AIM OF THE EXERCISE >> Give again, word for word, every line below from the one that has "Show Mom Tee Shirt" through the one that has "A podium marks", both included, and no others.

TASK MATERIAL >>

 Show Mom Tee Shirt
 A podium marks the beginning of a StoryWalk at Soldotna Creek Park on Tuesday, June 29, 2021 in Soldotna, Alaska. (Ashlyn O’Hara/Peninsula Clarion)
...
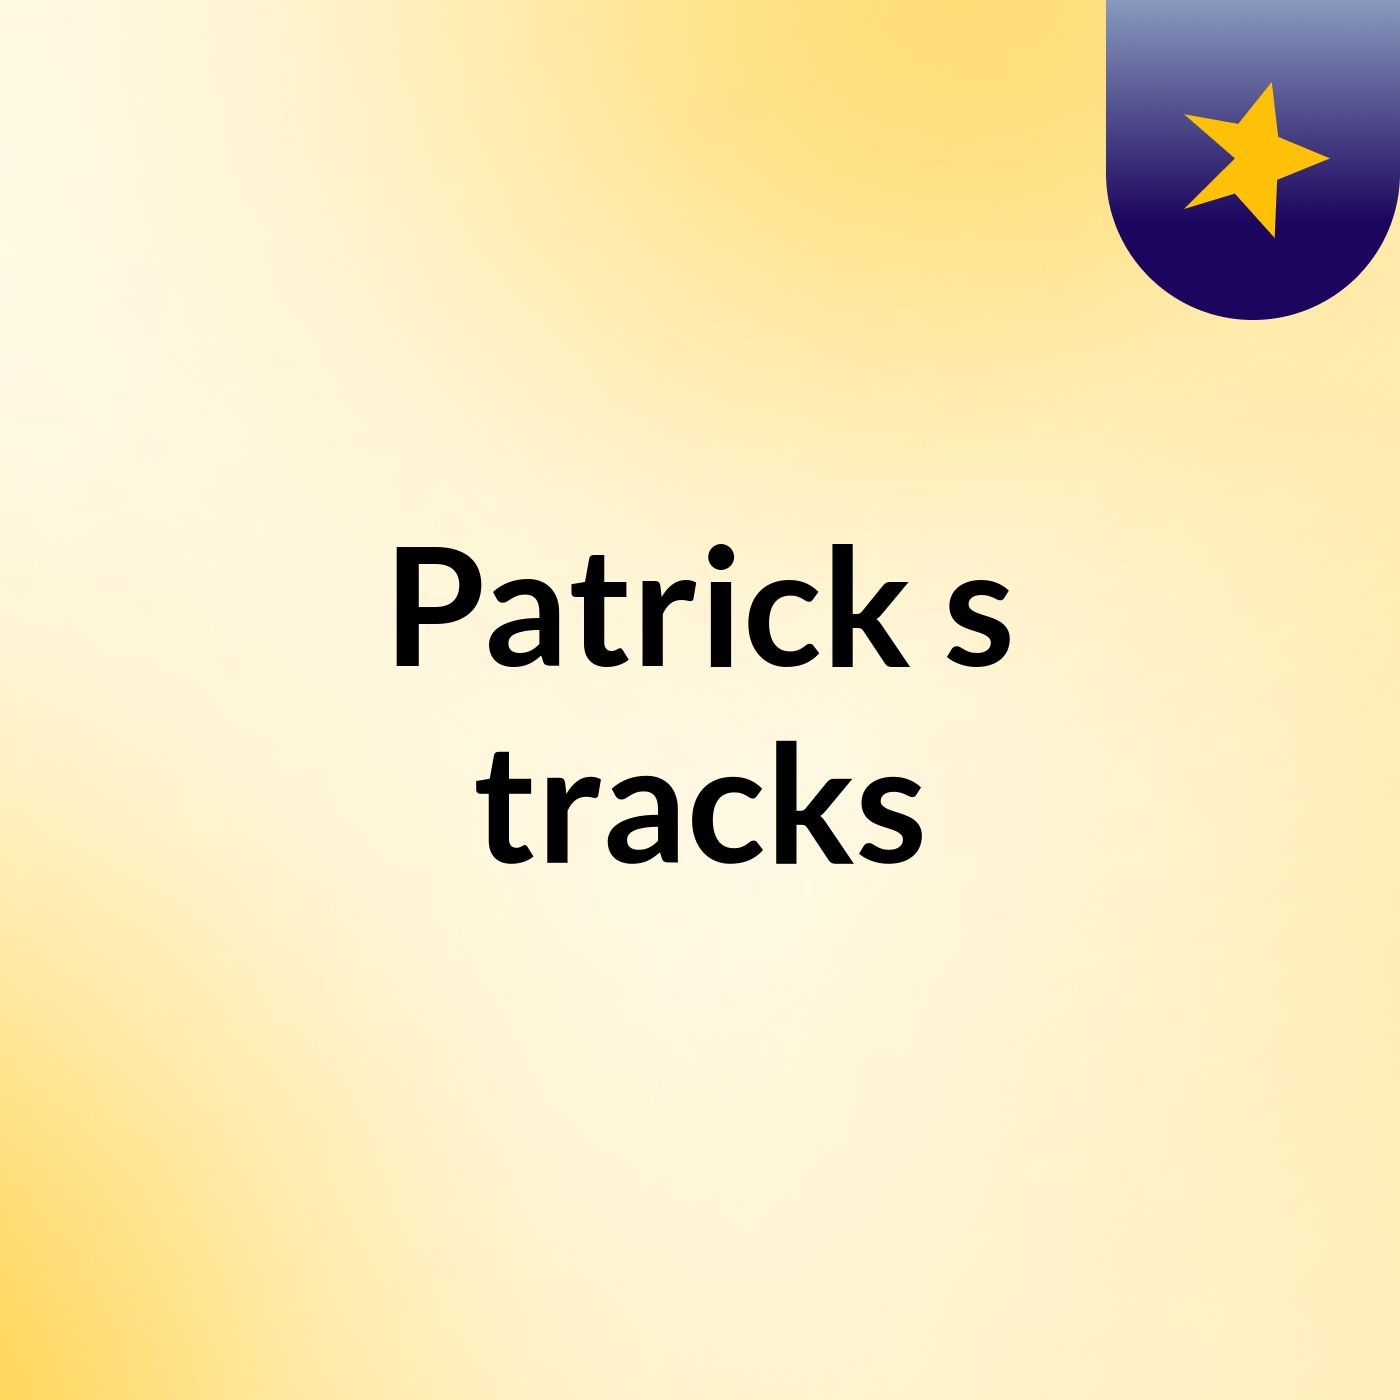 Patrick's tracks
* * *
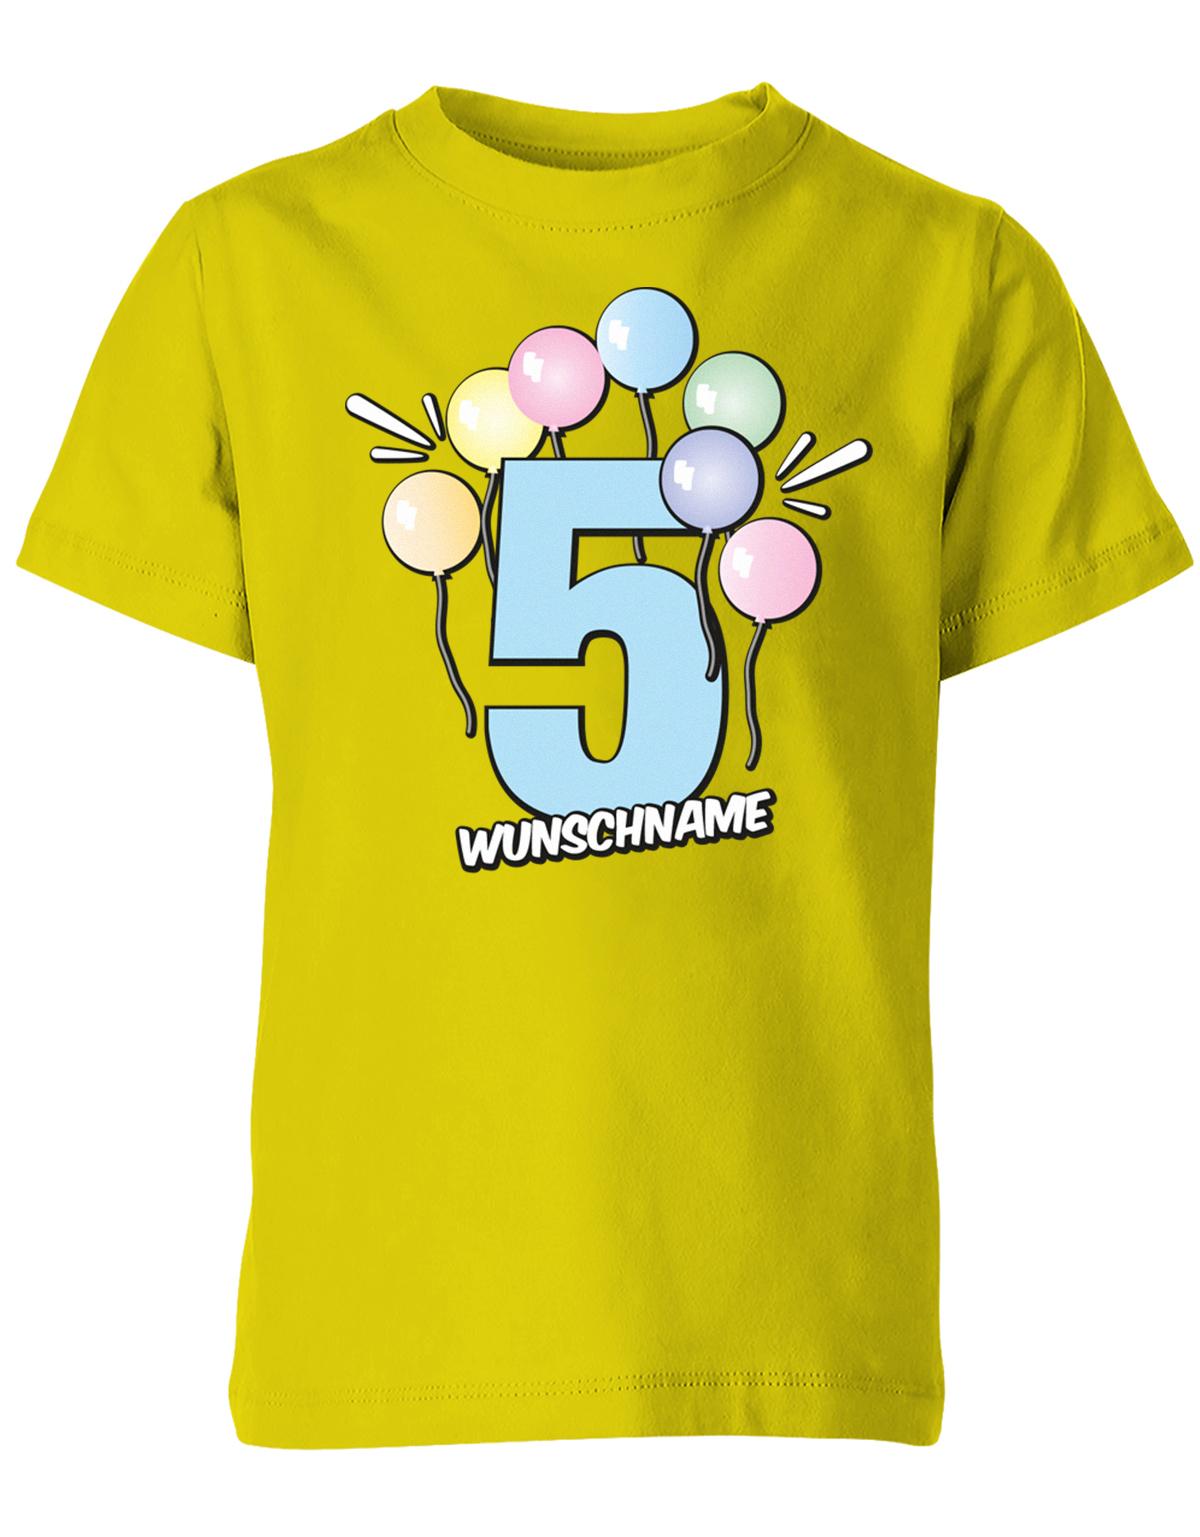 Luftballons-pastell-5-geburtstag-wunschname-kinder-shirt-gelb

RESULT OF THE TASK >>
 Show Mom Tee Shirt
 A podium marks the beginning of a StoryWalk at Soldotna Creek Park on Tuesday, June 29, 2021 in Soldotna, Alaska. (Ashlyn O’Hara/Peninsula Clarion)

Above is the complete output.